Toda segunda-feira, às sete da manhã, atravesso o portão da escola como quem entra em um palco. Não há cortinas vermelhas nem aplausos. Há mochilas maiores que as costas, choros miúdos, sapatos piscando luz e uma pergunta que ecoa, sempre a mesma, vinda de fora dos muros: “Mas na educação infantil vocês só brincam, né?”
Por Alberto Martins Cesário, professor e escritor
Só.
Essa palavra pequena pesa toneladas.
Na sala do Infantil, brincar é verbo sério, é método, é ciência, é estratégia de sobrevivência, ali o brincar não é passatempo enquanto os adultos resolvem “coisas importantes”.

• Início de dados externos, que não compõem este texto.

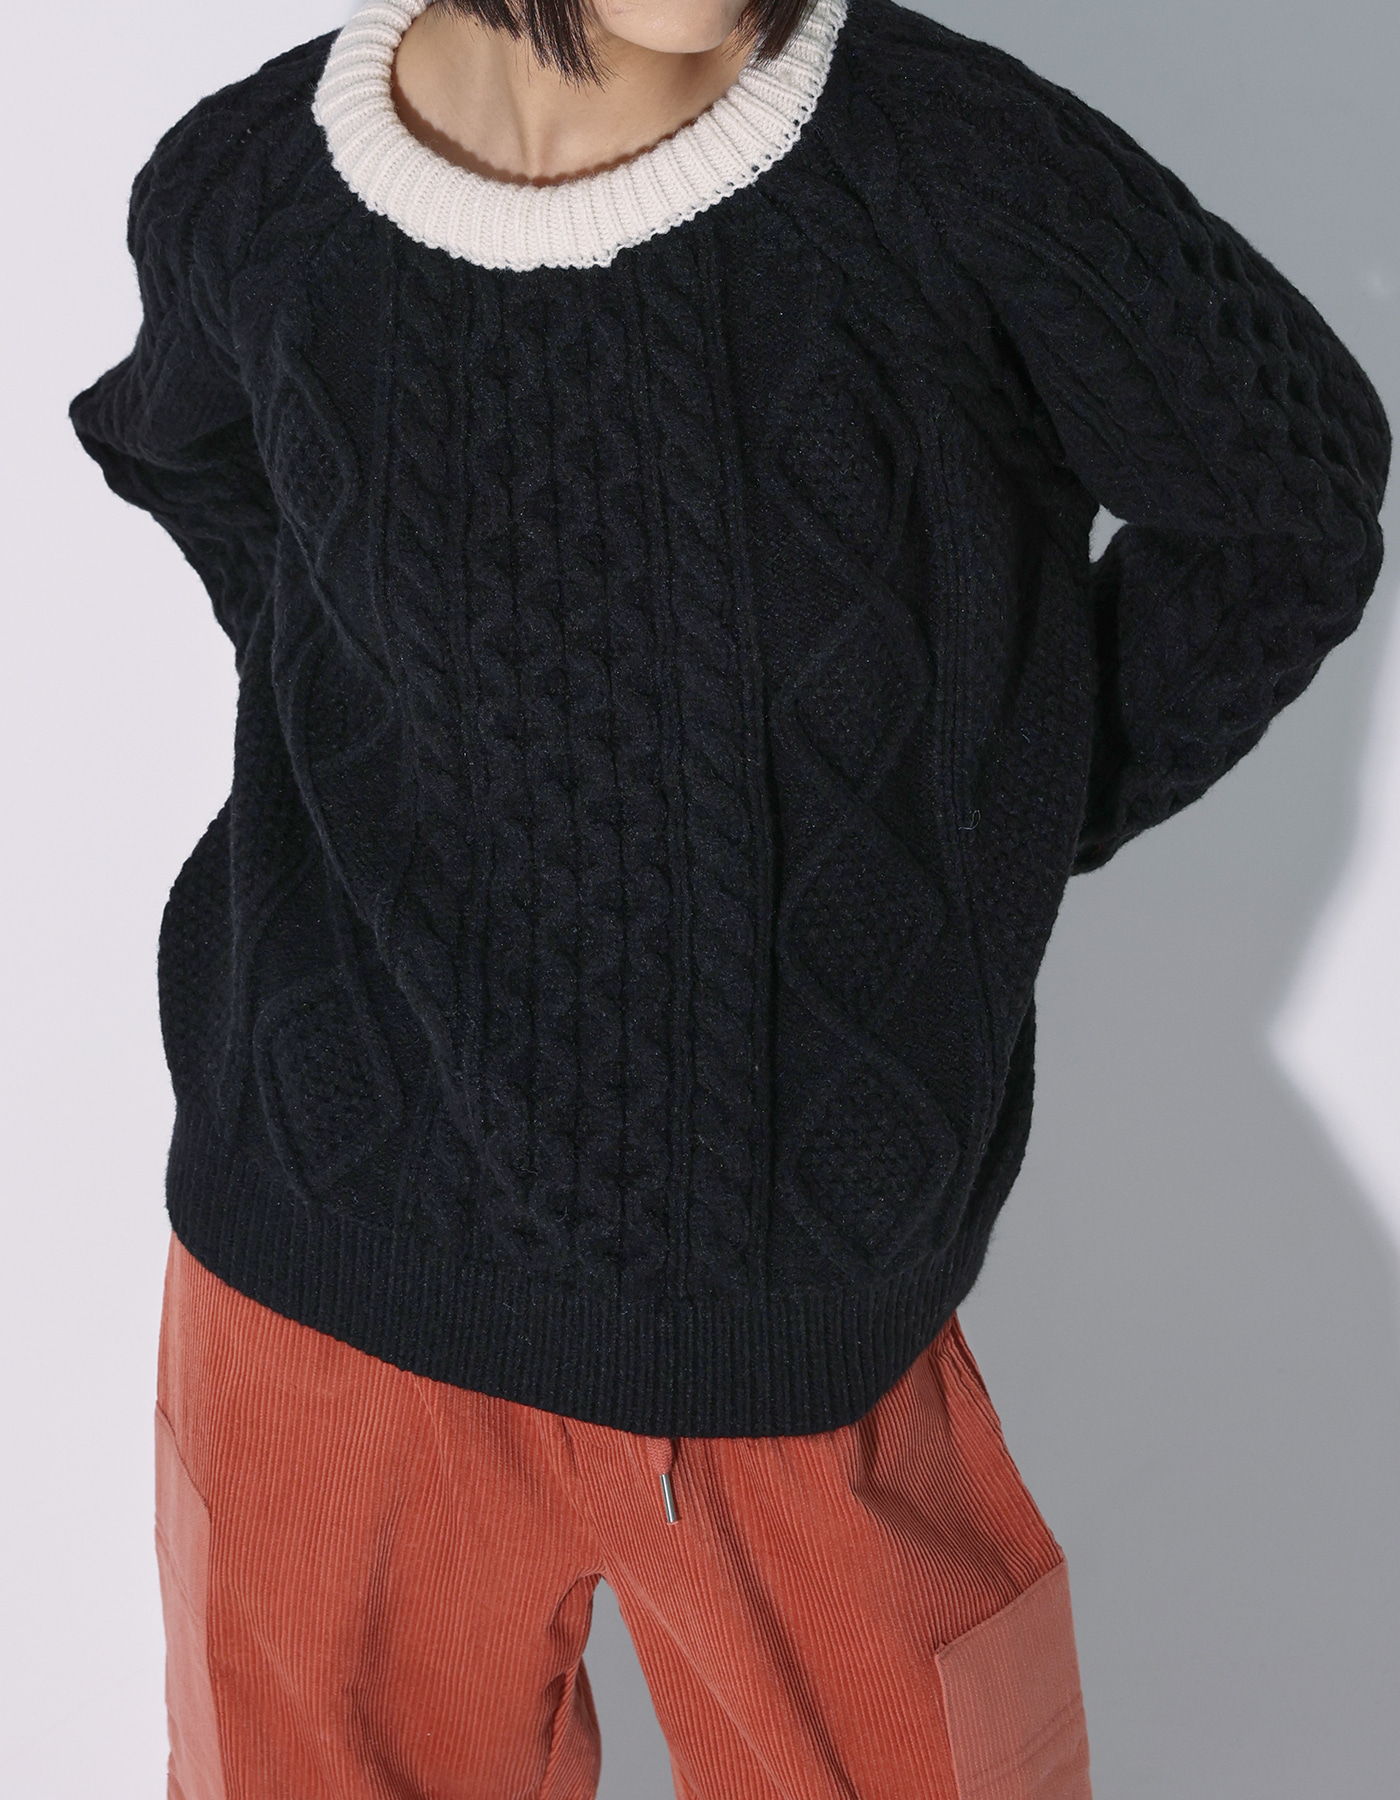 Point neck cable knit (3 Color)

Brincar é o jeito que a criança pensa, investiga, organiza o mundo, um laboratório onde se testam hipóteses com massinha, se aprende matemática dividindo bolachas imaginárias, se descobre empatia quando o colega chora porque o castelo caiu. O problema é que esse trabalho não aparece em planilhas vistosas nem em vídeos de trinta segundos com trilha sonora animada.
O trabalho da educação infantil é como aquele truque de mágica bem feito, quanto melhor, menos se percebe o esforço. É fácil falar que na educação infantil só brinca quando ninguém vê o planejamento colado no caderno do professor, escrito à mão, entre uma reunião pedagógica e um café que esfriou ou quando não se vê a intencionalidade escondida no canto da sala, na escolha da história, na roda de conversa cuidadosamente pensada para ensinar a escutar o outro. Quem está de fora apenas vê a criança brincando e conclui-se, com a pressa típica do nosso tempo, não é nada demais.
Vivemos a era do “agora” onde as redes sociais transformaram tudo em espetáculo instantâneo e aprendizado, que é processo lento, virou concorrente desleal de vídeos que piscam, dançam e prometem felicidade em quinze segundos.
O professor da educação infantil disputa atenção com telas que não pedem silêncio, não exigem espera, não frustram, aliás, a frustração virou palavrão, e ensinar, especialmente na primeira infância, exige ensinar a lidar com ela.
Confesso que tem dias em que me sinto um artesão tentando vender cerâmica em uma de eletrônicos. Planejo uma sequência didática para desenvolver linguagem oral enquanto, do outro lado, o algoritmo oferece entretenimento infinito, é incrível ver as crianças chegando na escola sabendo deslizar o dedo na tela, mas não sabem esperar a vez de falar, a hora de ouvir e paciência para realizar uma atividade. E nós, professores, somos cobrados por milagres com materiais escassos, formação insuficiente e políticas públicas que parecem acreditar no mesmo mito que parte da sociedade, que a educação infantil é cuidado, não conhecimento.
Cuidar, claro, é essencial, mas, cuidar também é educar, ensinar limites, linguagem, convivência, pensamento crítico tudo isso antes dos seis anos, quando o cérebro está em ebulição criativa. O que falta não é boa vontade do professor, falta investimento, formação continuada que dialogue com esse novo mundo digital, políticas que enxerguem a primeira infância como prioridade real, não apenas discurso de campanha.
Há dias em que parece que estamos buscando soluções sozinhos, como náufragos pedagógicos construindo jangadas com cartolina, cola branca e esperança.
Ensinar conteúdos profundos em uma sociedade rasa exige resistência diária exige acreditar que vale a pena planejar quando tudo ao redor grita improviso e nos faz defender o invisível em um mundo que só valoriza o que dá like.
Mas, sempre há a “oposição” salvadora, existem as pequenas vitórias. Sabe aquele dia em que uma criança reconhece as vogais, percebem que letras formam palavras e que com as palavras podemos contar histórias, ou o momento em que ela aprende a esperar, a dividir, a argumentar. O simples fato do silêncio atento durante uma leitura, um abraço espontâneo depois de uma conquista.
Para muitos são migalhas, para esse professor são pepitas de ouro que renovam a fé e lembram que, apesar de tudo, a sala de aula ainda é território de esperança.
Educação infantil não é só brincar, ensinar na primeira infância é preparar o chão onde todas as aprendizagens futuras vão pisar, um trabalho sério, planejado, invisível e, justamente por isso, tão fácil de ser desvalorizado.
A pergunta que deixo, enquanto fecho este texto e preparo o próximo planejamento, é simples e incômoda… Que tipo de sociedade queremos formar se seguimos tratando a base da educação como algo menor?